I’m sharing the project here so that others can learn from it or use it in their own game.

Pulp file:

JRPG Battle System.json.zip (7.5 KB)

PDX:

JRPG-Battle-System.pdx.zip (51.7 KB)

Some notes:

The battle system is menu based, leveraging the Pulp menu and say functions.

Some tiles are “wild” and have a chance of triggering a battle. Each wild tile has some logic to determine the type of enemy that can be encountered.

When a battle occurs, the player is moved to the battle room, and different sprites are displayed for the enemy and player. The actual player tile is hidden in battle.

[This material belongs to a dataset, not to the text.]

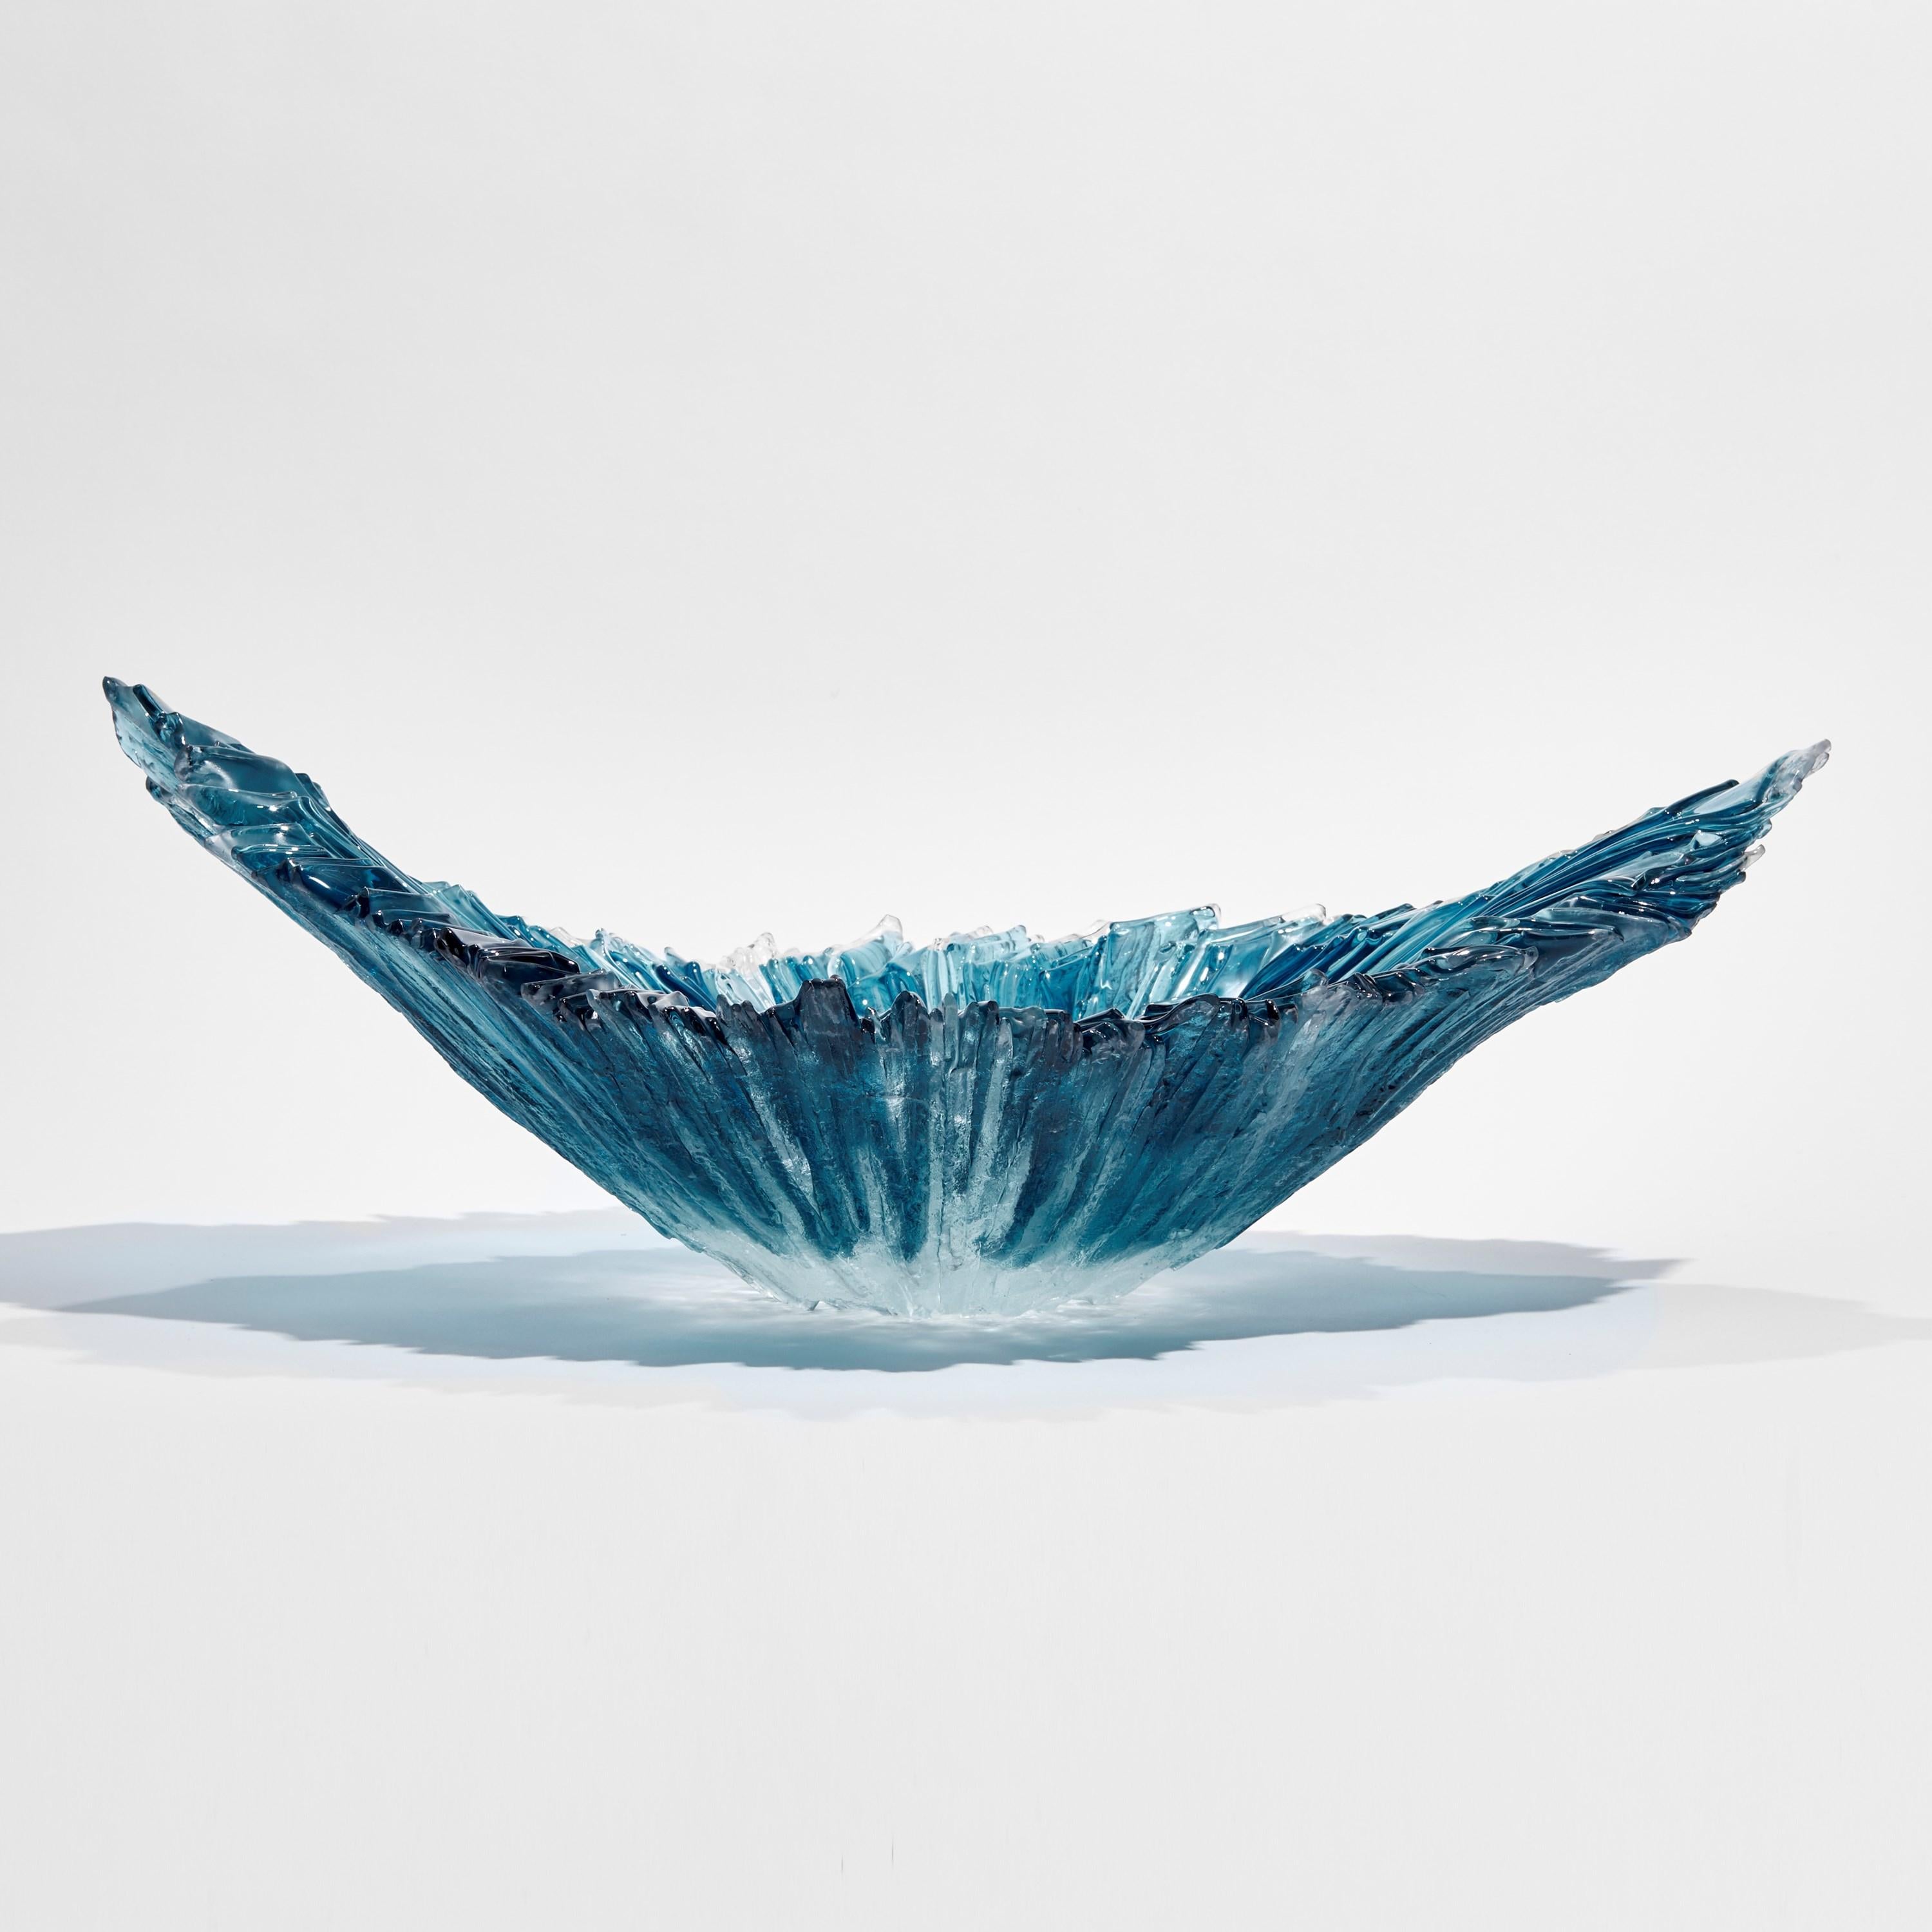 Hand-Crafted Oval Coral Bowl in Aqua, a Blue Sculptural Glass Centrepiece by Wayne Charmer

The player sprite is static in the room, but the enemy sprites are displayed dynamically over several tiles based on its enemySizeX and enemySizeY variables.

I used some item tiles has logic containers. These include:

  • battleSystem: all the logic to handle battles

  • enemyDefinitions: functions to initialize the variables for each enemy type. There are 3 currently: Slime, Big Slime and Goblin

The player script has a series of functions to adjust health, XP and coins. I wanted to centralize the logic there so that it will be easier to change it (i.e. checking for level up after the player gains XP)

What’s missing:

I have a good portion of what I want implemented. But here are some of the things I would like to add eventually.

  • Allow sprite animation in combat: this is tricky since the menu and say functions will pause tile animation. So an idle animation will not work with the menu open. However, an attack animation should be possible by using the wait function before showing the say message.

  • Create a logic container for the spells, so that the code can be reused. Right now, the code for the Heal spell is duplicated in the player and battleSystem scripts.

  • Add sound effects to battle actions and spells.

  • Have more than one enemy in a battle, and more than one character (party system).

  • I have some basic stats implemented, but some additional ones, a level up system and an inventory system would help in creating a better RPG experience.

I hope this can be helpful to someone. Let me know if you use it. I’m curious to see what others build with it.

4 Likes

I’m so excited to see more turn based RPGs made in Pulp! (I made Initial Daydream and was half the team making Otherworldly Effigy for Ware-Wolf). Love the sprite work here too!

We’re going to expand OE into a full release hopefully next year, so I’ll be doing a lot of this work parallel to you. Can’t wait to see where they both end up!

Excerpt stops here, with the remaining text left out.